From the line containing "Bán kho xường" through the last line of the listing, output each line exactly as it stands. Omit pictures.

» **Given material**:
....................

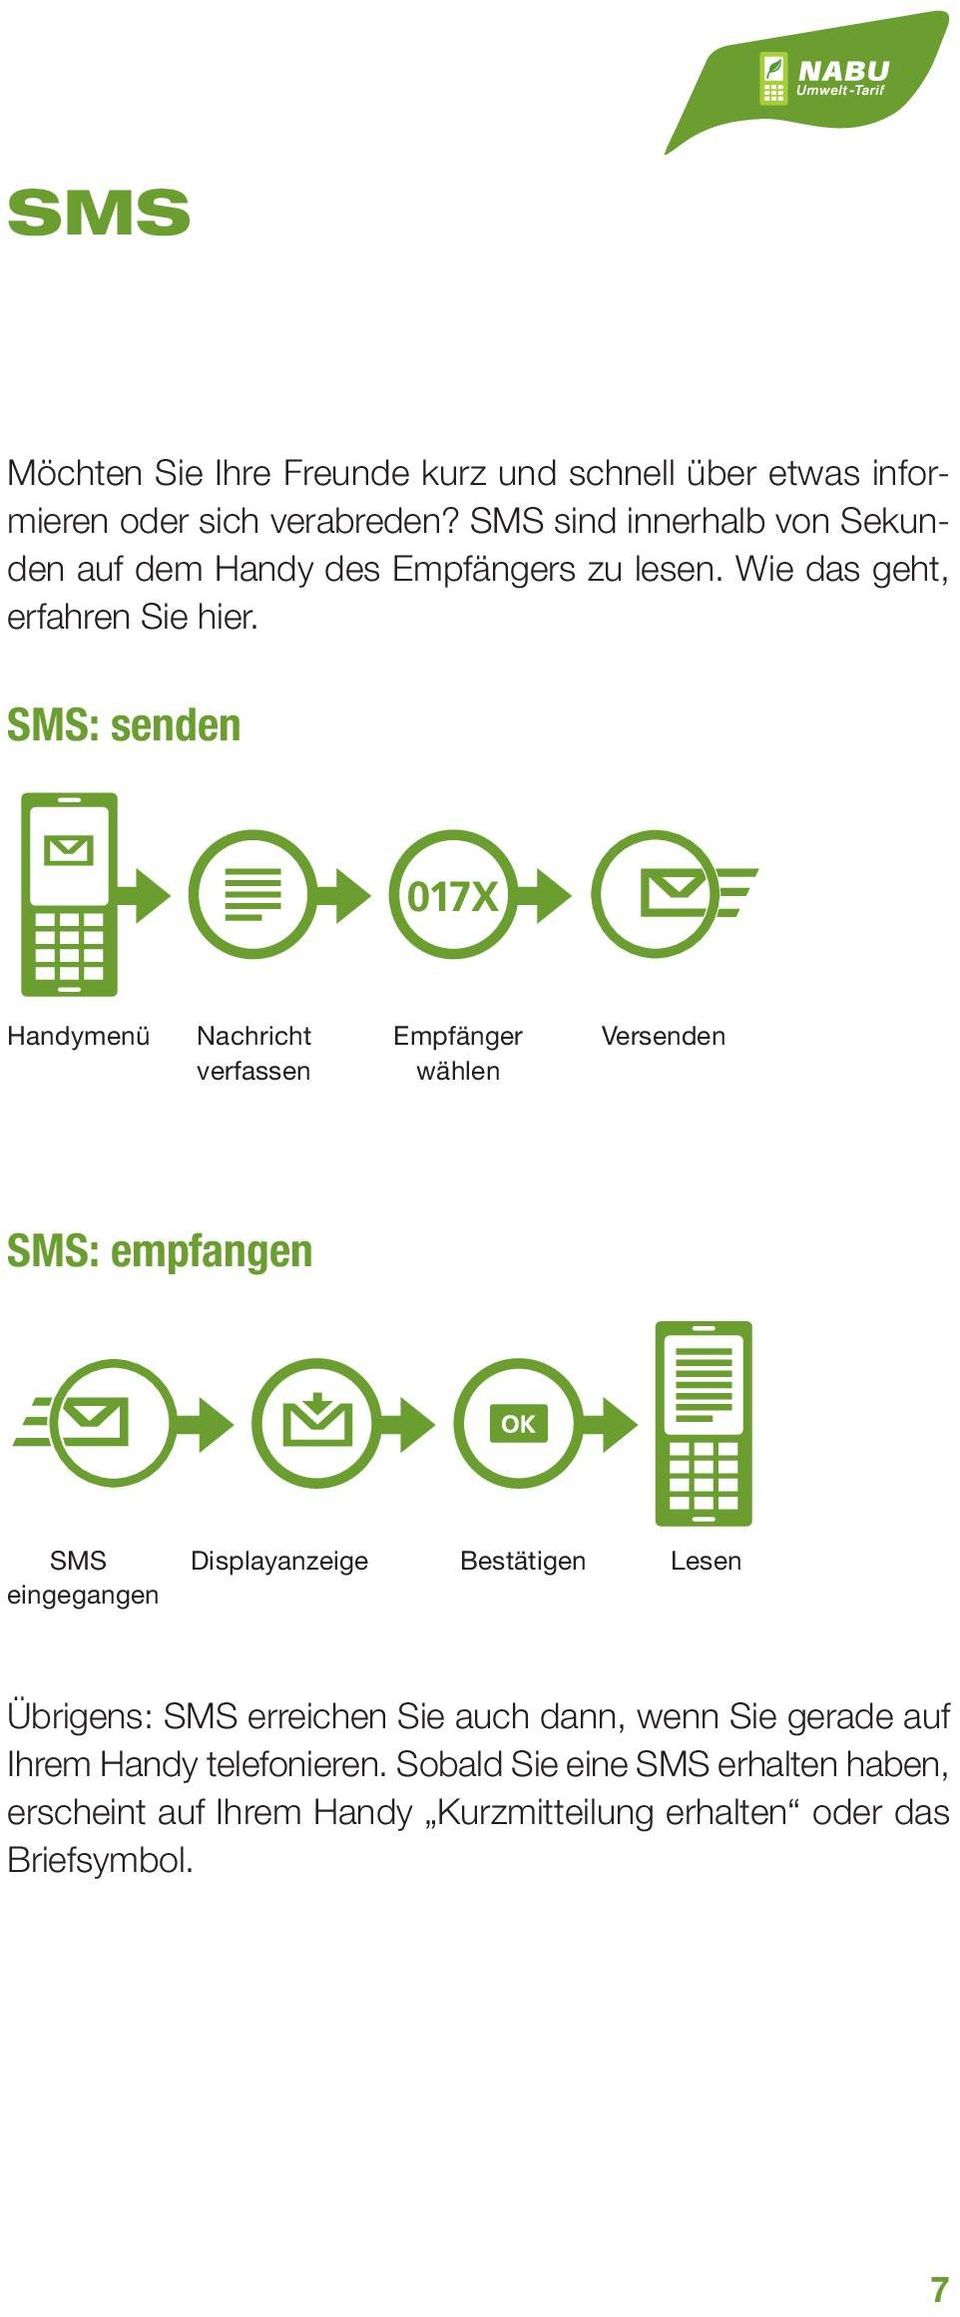 SMS: senden Handymenü Nachricht verfassen Empfänger wählen Versenden SMS: empfangen SMS eingegangen Displayanzeige Bestätigen
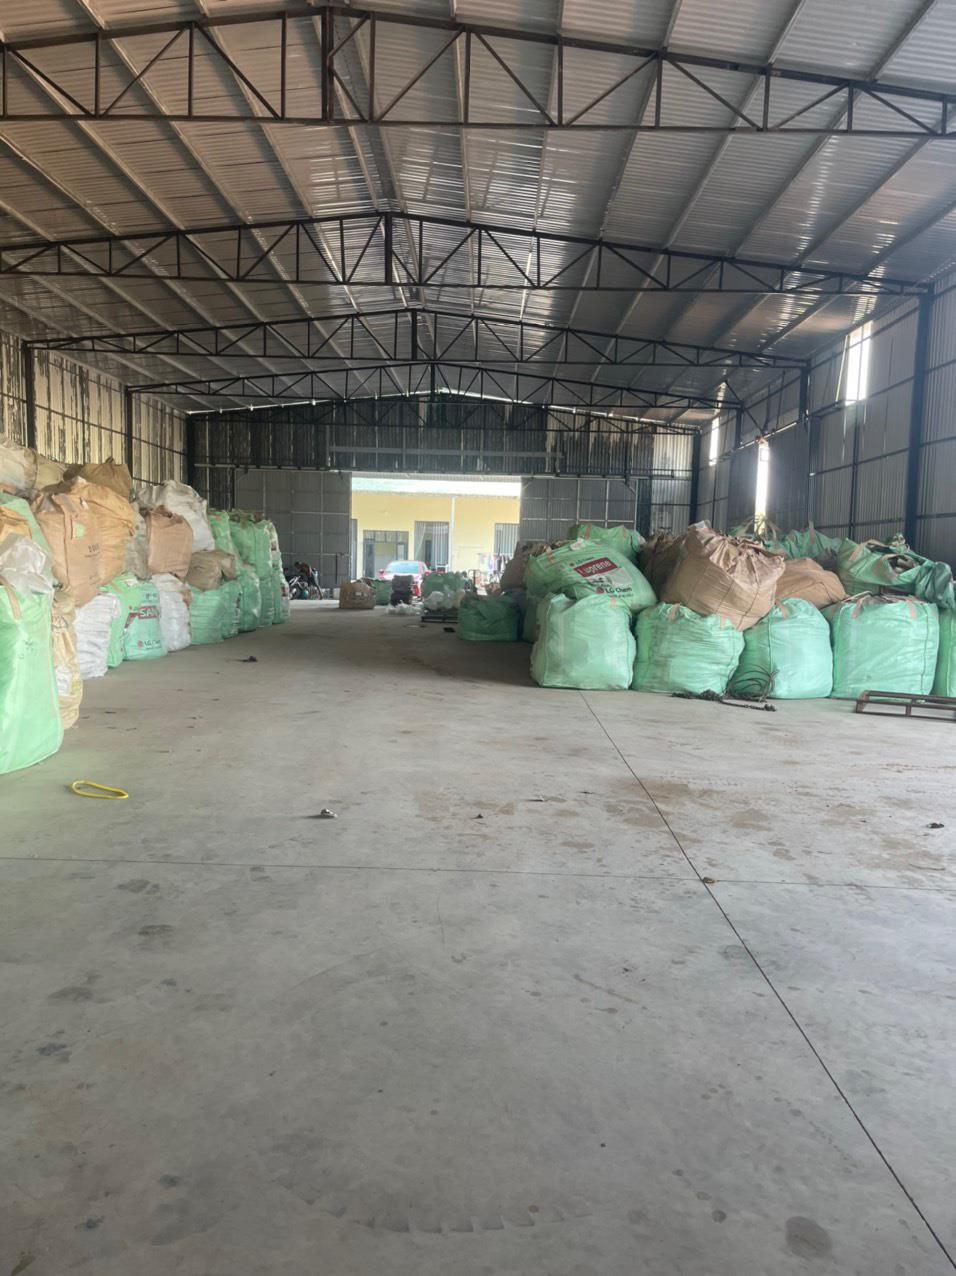 Bán kho xường Phú Giáo BD, sản xuất nhựa đang hoạt động1505496
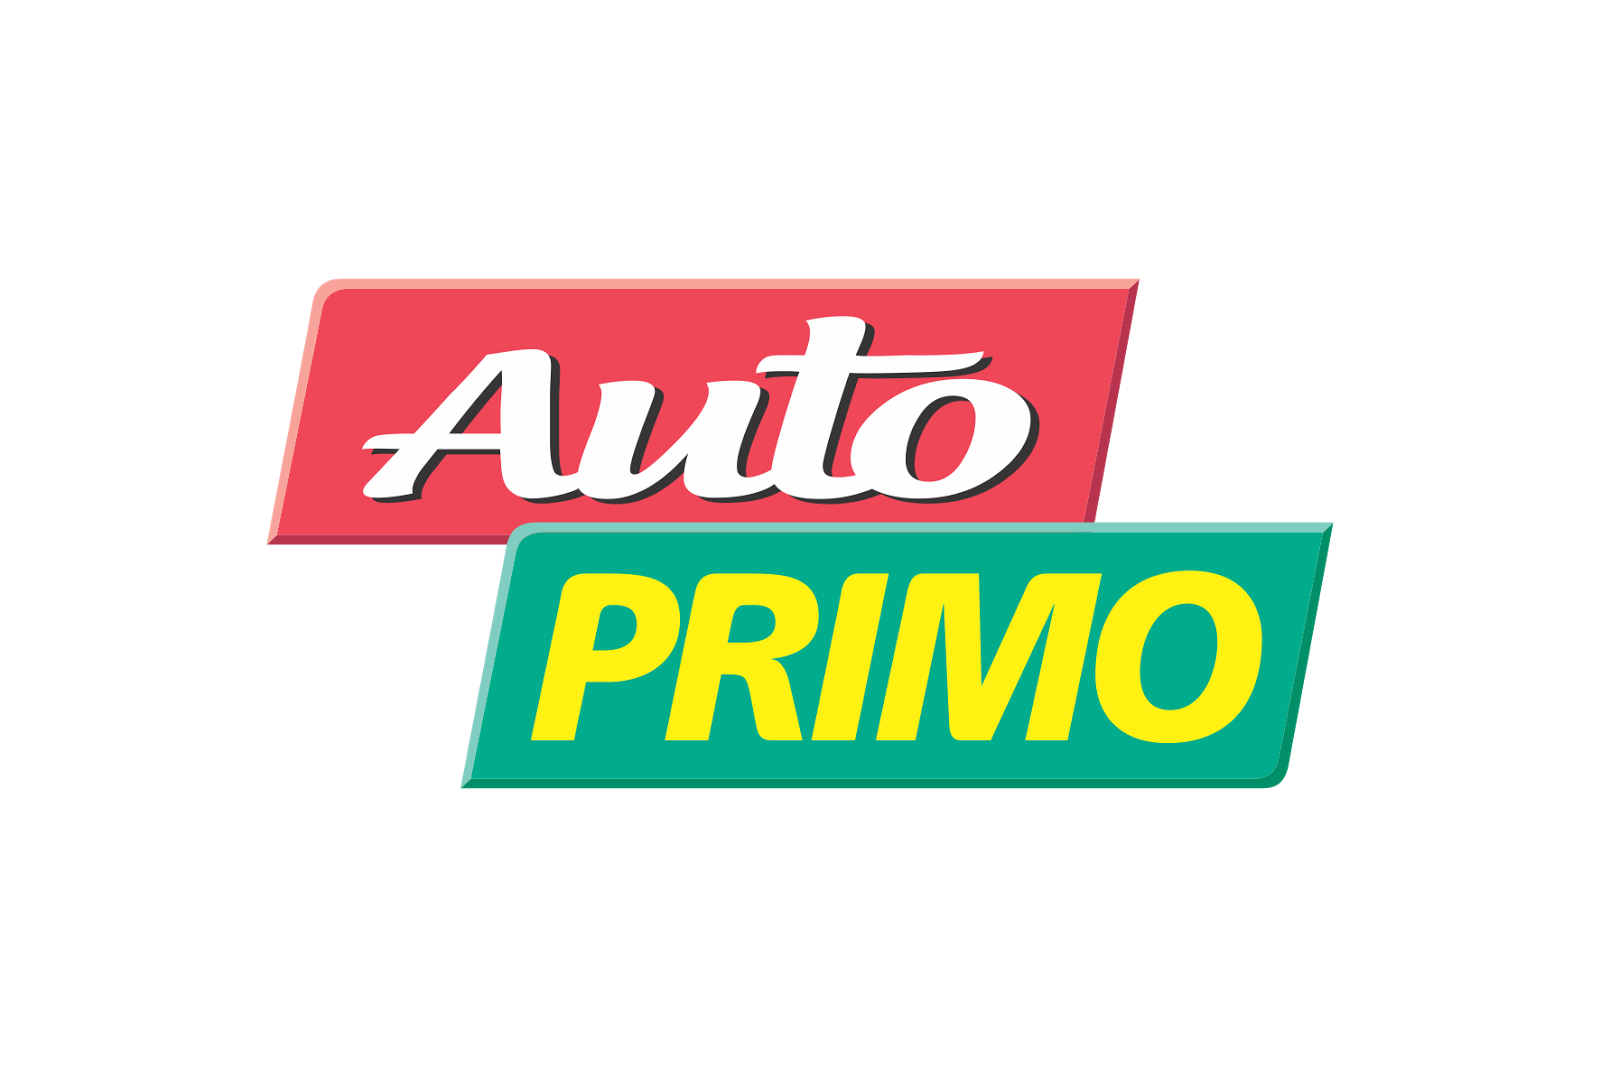 Bm automobiles logo
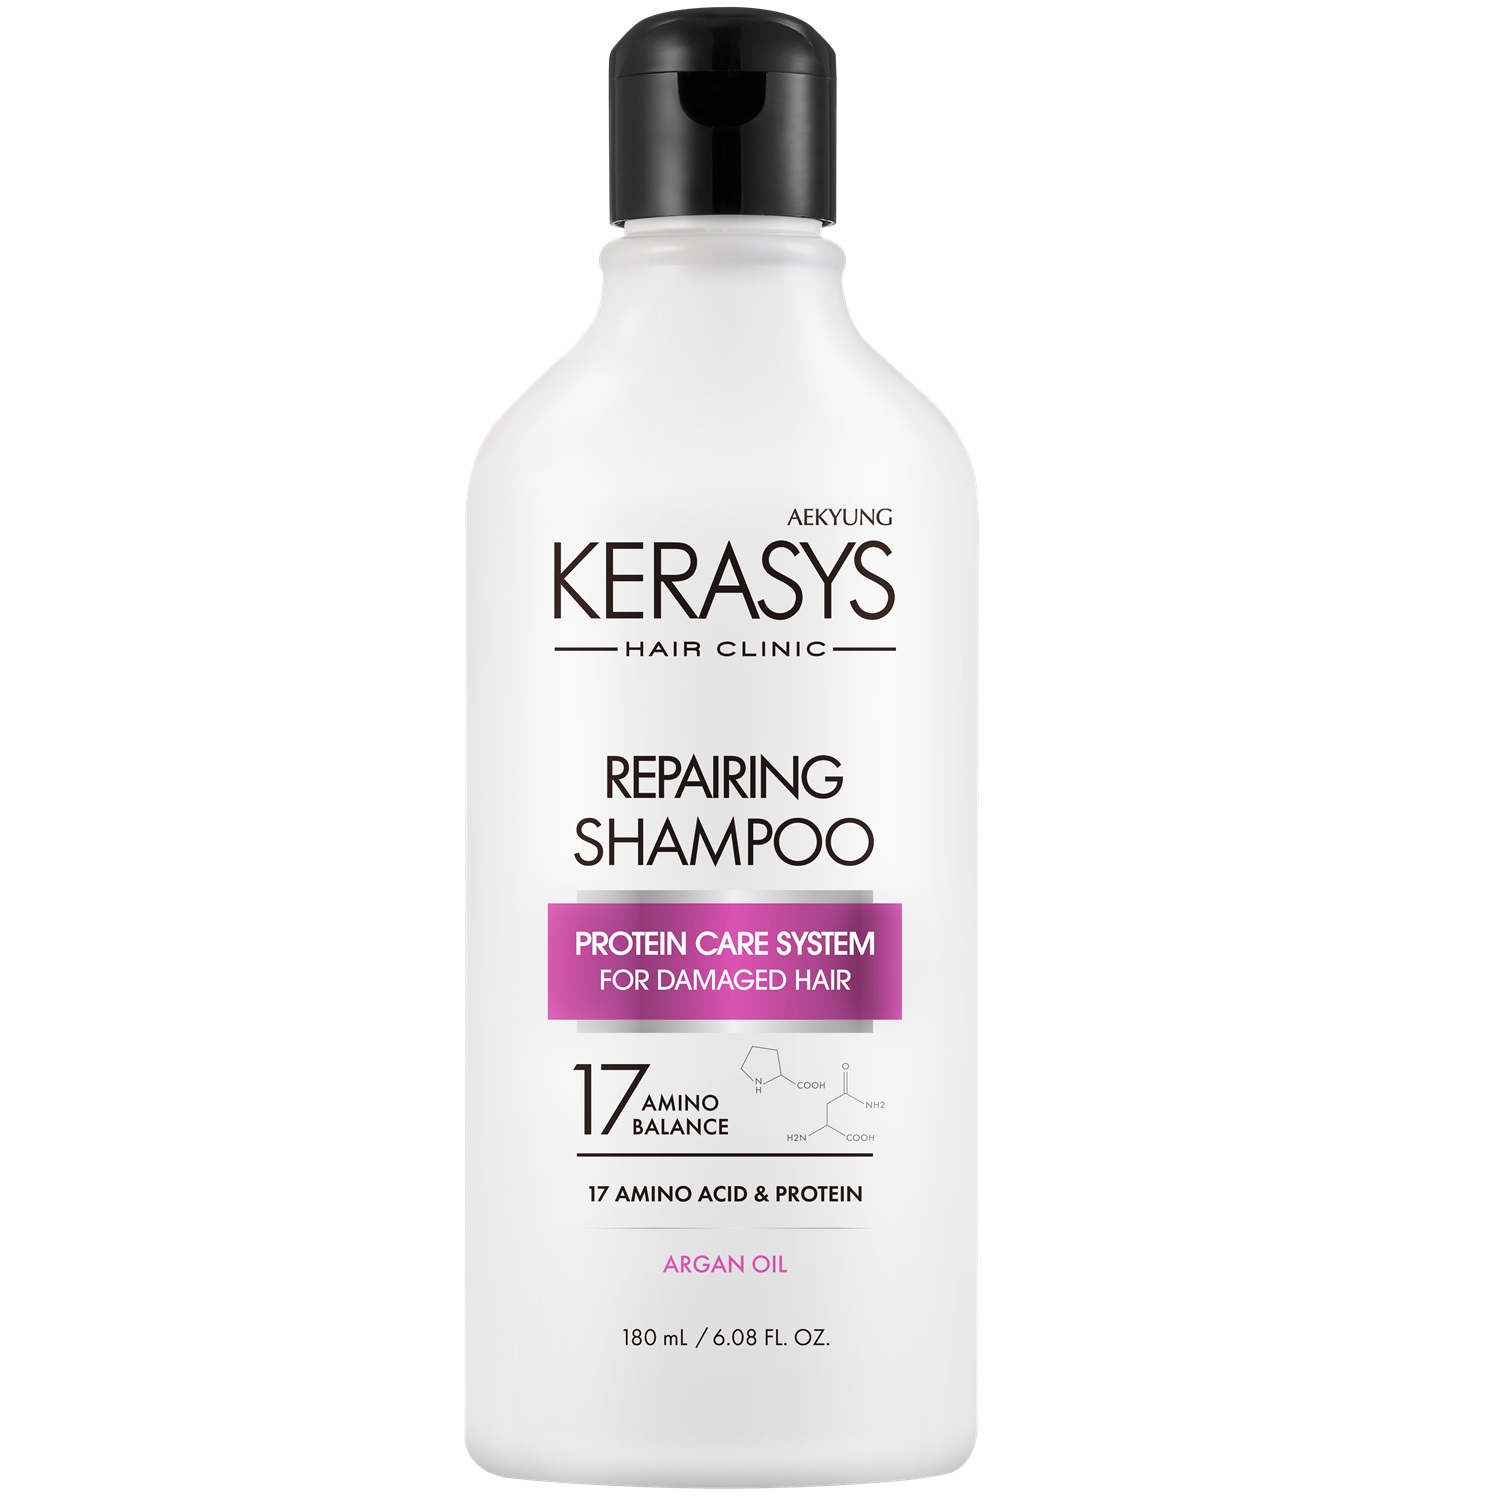 Kerasys Шампунь для волос восстанавливающий, 180 мл (Kerasys, Hair Clinic) цена и фото

....................

» **Finished exercise**:
 Bán kho xường Phú Giáo BD, sản xuất nhựa đang hoạt động1505496
 Bm automobiles logo
 Kerasys Шампунь для волос восстанавливающий, 180 мл (Kerasys, Hair Clinic) цена и фото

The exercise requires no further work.